For students of class 6-8 (age 12 to 14)
Thamim Zahin
Posts: 98
Joined: Wed Aug 03, 2016 5:42 pm

Given \$2n\$ points in the plane with no three collinear, show that it is possible to pair them up in such a way that the \$n\$ line segments joining paired points do not intersect.
I think we judge talent wrong. What do we see as talent? I think I have made the same mistake myself. We judge talent by the trophies on their showcases, the flamboyance the supremacy. We don't see things like determination, courage, discipline, temperament.

Posts: 161
Joined: Mon Mar 28, 2016 6:21 pm

### Re: Don't Intersect Please :D

Take the convex hull and select two consecutive points and pair them up. Then take the next convex hull and do the algorithm. We eventually will get what we desire.
Frankly, my dear, I don't give a damn.

Thamim Zahin
Posts: 98
Joined: Wed Aug 03, 2016 5:42 pm

### Re: Don't Intersect Please :D

Simple polygon will also do the trick. Isn't? If we put a super big rubber-band, it will result us a simple polygon.
I think we judge talent wrong. What do we see as talent? I think I have made the same mistake myself. We judge talent by the trophies on their showcases, the flamboyance the supremacy. We don't see things like determination, courage, discipline, temperament.

Absur Khan Siam
Posts: 61
Joined: Tue Dec 08, 2015 4:25 pm
Location: Bashaboo , Dhaka

### Re: Don't Intersect Please :D

Actually,@thamimzahin,the idea which you have is the main concept of convex hull.
http://mathworld.wolfram.com/ConvexHull.html
Last edited by Absur Khan Siam on Mon Mar 06, 2017 4:46 pm, edited 1 time in total.

Posts: 161
Joined: Mon Mar 28, 2016 6:21 pm

### Re: Don't Intersect Please :D

@thamimzahin I seem to remember to have taught you the concept of a convex hull.

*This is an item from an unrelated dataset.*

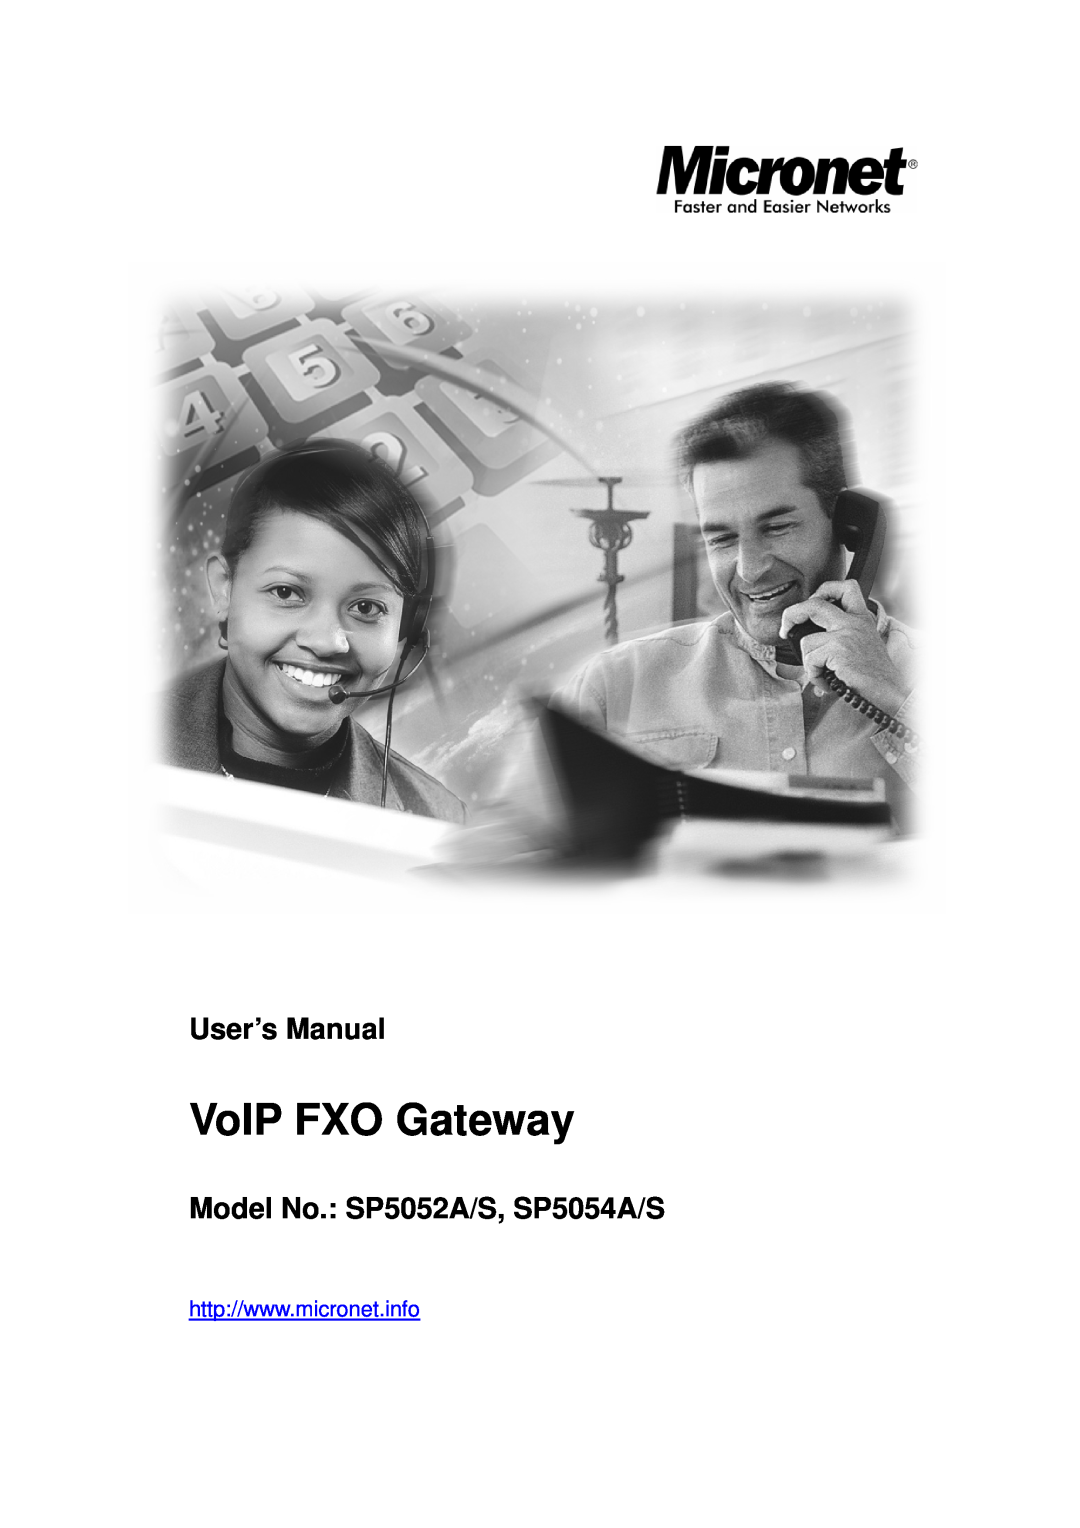 MicroNet Technology user manual User’s Manual, Model No. SP5052A/S, SP5054A/S, VoIP FXO Gateway

Did you forget already?
Frankly, my dear, I don't give a damn.

Absur Khan Siam
Posts: 61
Joined: Tue Dec 08, 2015 4:25 pm
Location: Bashaboo , Dhaka

### Re: Don't Intersect Please :D

I think 70% or more are introduced to convex hull by this 'rubber-band' concept.

Posts: 161
Joined: Mon Mar 28, 2016 6:21 pm

### Re: Don't Intersect Please :D

Related Problem,
Given \$2n\$ points in a plane with no three collinear, with \$n\$ red points and \$n\$ blue points, prove that
there exists a pairing of the red and blue points such that the \$n\$ segments joining each pair are pairwise
non-intersecting.
Frankly, my dear, I don't give a damn.

Thanic Nur Samin
Posts: 176
Joined: Sun Dec 01, 2013 11:02 am

### Re: Don't Intersect Please :D

Thamim Zahin wrote:Given \$2n\$ points in the plane with no three collinear, show that it is possible to pair them up in such a way that the \$n\$ line segments joining paired points do not intersect.
Here is my take.

Take all possible pairings of the points, and select the one with minimum sum of the length of the segments. Due to the triangle inequality, the segments do not intersect.

The argument works in Ittihad's problem as well.
Hammer with tact.

Because destroying everything mindlessly isn't cool enough.